ARTEMIS
By morning, Artemis remembered little. She awoke alone, her mind replaying
only fragments—the policeman investigating antiquities, her determination to
find clues in the house. Yet her body felt leaden, pinned to the bed. Efil
tapped on the door. Seeing her face, Artemis slowly recalled shards of the
previous night. She braced for Efil’s reaction. Efil approached softly, sitting
beside her on the bed, silent. When Artemis asked if there was any breakfast,
Efil turned grave, explaining they had to clarify what had happened between
them.
“First of all,” Efil began gently, “I want you to know I’m truly happy
about what we shared last night. You mean a lot to me. If I’d known you were
still a virgin, I’d have waited for a more special moment.” Artemis’s mind
started piecing the events together. “So we really did… I’m not ashamed. You’re
amazing,” she said.
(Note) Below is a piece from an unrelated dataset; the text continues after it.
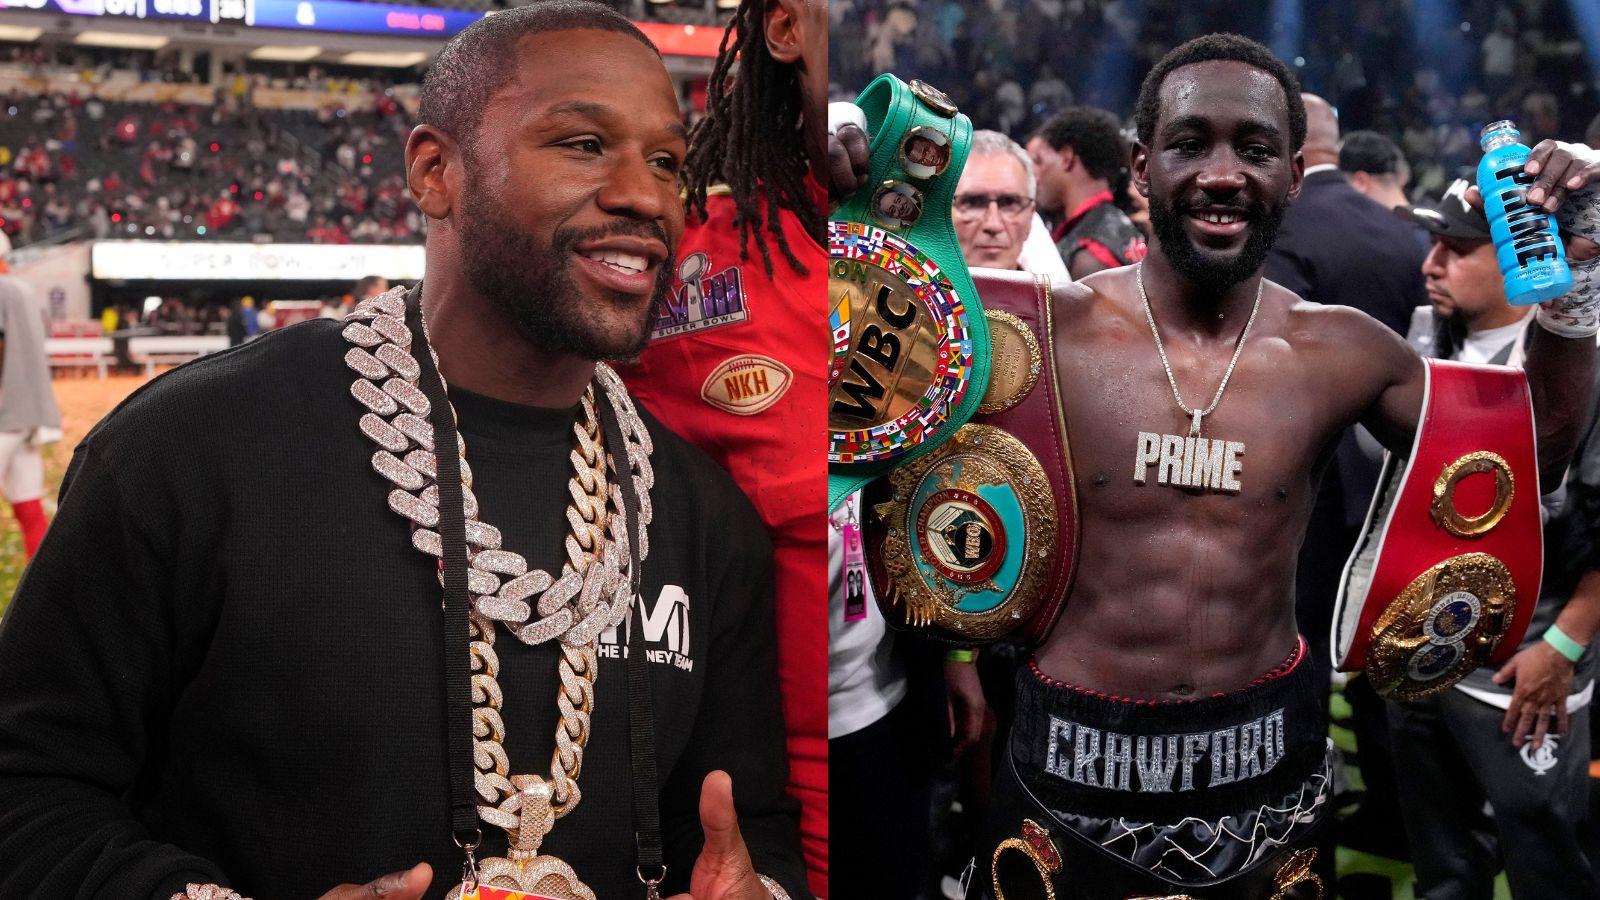 Floyd Mayweather (left) and Terence Crawford in the ring (right).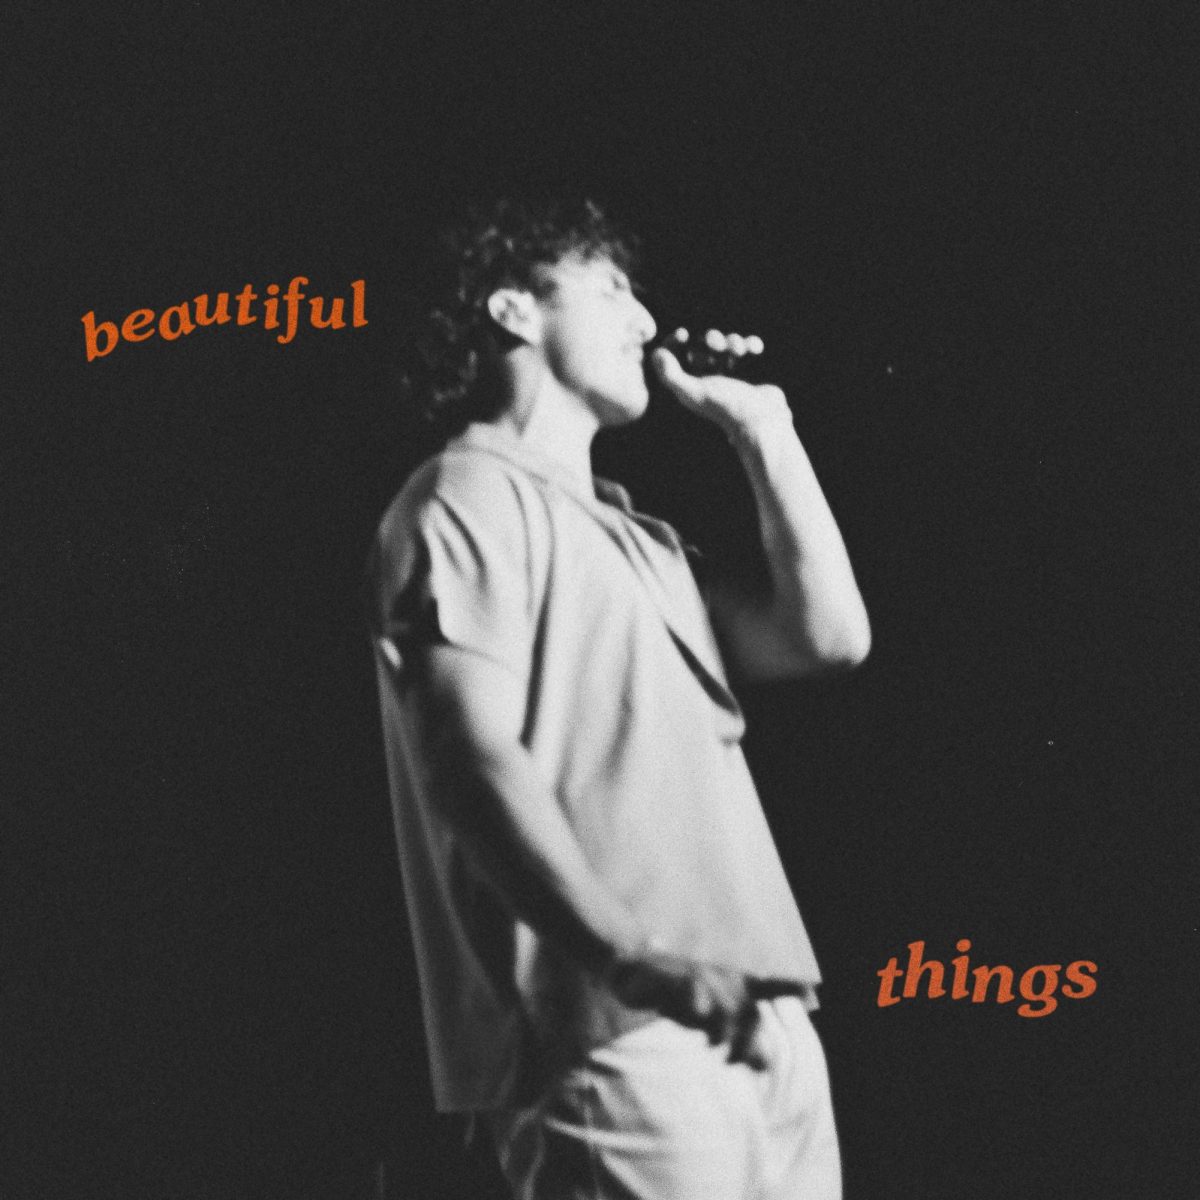 Benson Boone, who once auditioned for American Idol in 2021, releases pop folk-rock single “Beautiful Things,” a song about treasuring loved ones. It follows his November release, “To Love Someone.”

Efil broke into tears, unable to contain her emotion.
Artemis reached up to wipe them away. Efil looked like a child whose favorite
toy had been stolen. “Artemis,” she stammered, “what happened between us last
night didn’t stay just between the two of us. I don’t know what that drink was,
but from what I recall…” Artemis tried calming her, admitting she too had
blacked out. “Though it was a strange night, I don’t regret it,” she offered,
“it felt different in good and bad ways.”
Efil pressed her lips together. “They recorded us, Artemis—Pertev’s damned
right hand, the blond man, filmed everything.” Artemis’s ears rang. She said
nothing, but immediately rose, dressed, and stormed out. Efil, still crying,
could only mumble, “I’m sorry. It was my idea…”
Artemis had pursued art, only to become the art. She was not ashamed of
their shared intimacy, but she had no idea how to fight these wealthy,
manipulative people. Making for the garden, she started running. Near the exit
gate, she tripped and fell, scraping her forehead. Akuji and the policeman were
there, looking on. Artemis cried out, “Officer! Help!” The policeman signaled
her to hush. They couldn’t whisk her off, as they, too, were working the
property in secret. Efil soon arrived to retrieve Artemis, but no command was
given to force her inside. Meanwhile, the blond man prowled elsewhere in the
estate, loathing their interference. Pertev was nowhere to be seen.
LISSA
The pressure to marry the giant worker reached its climax. The boss had
directed his son to drive Lissa, the fiancé, and himself to a registrar’s
office that very afternoon. Lissa desperately searched for a way out. Akuji was
nowhere. She’d have to save herself. The boss’s son practically shoved her into
the car, the giant fiancé squeezing in beside her, nearly dragging the
vehicle’s chassis on the asphalt. The father sat in the front seat. Lissa felt
as if she were suffocating.
Arriving at the marriage office, her stomach churned. The boss explained
“lightning weddings” to the prospective couple. The fiancé mumbled something,
and Lissa felt ready to spit on them both. Without Akuji, she would never do
this, but she had no choice. Step by step, she climbed the stairs, determined
not to tip them off. If she refused too soon, they might use force. She
couldn’t ask for help—calling the police would only unravel everything,
possibly implicating Akuji. The boss’s son smirked as his father vanished into
a side office, presumably to bribe the official. The clerk signaled them into
another room. Lissa noticed two doors in the bride and groom’s waiting area.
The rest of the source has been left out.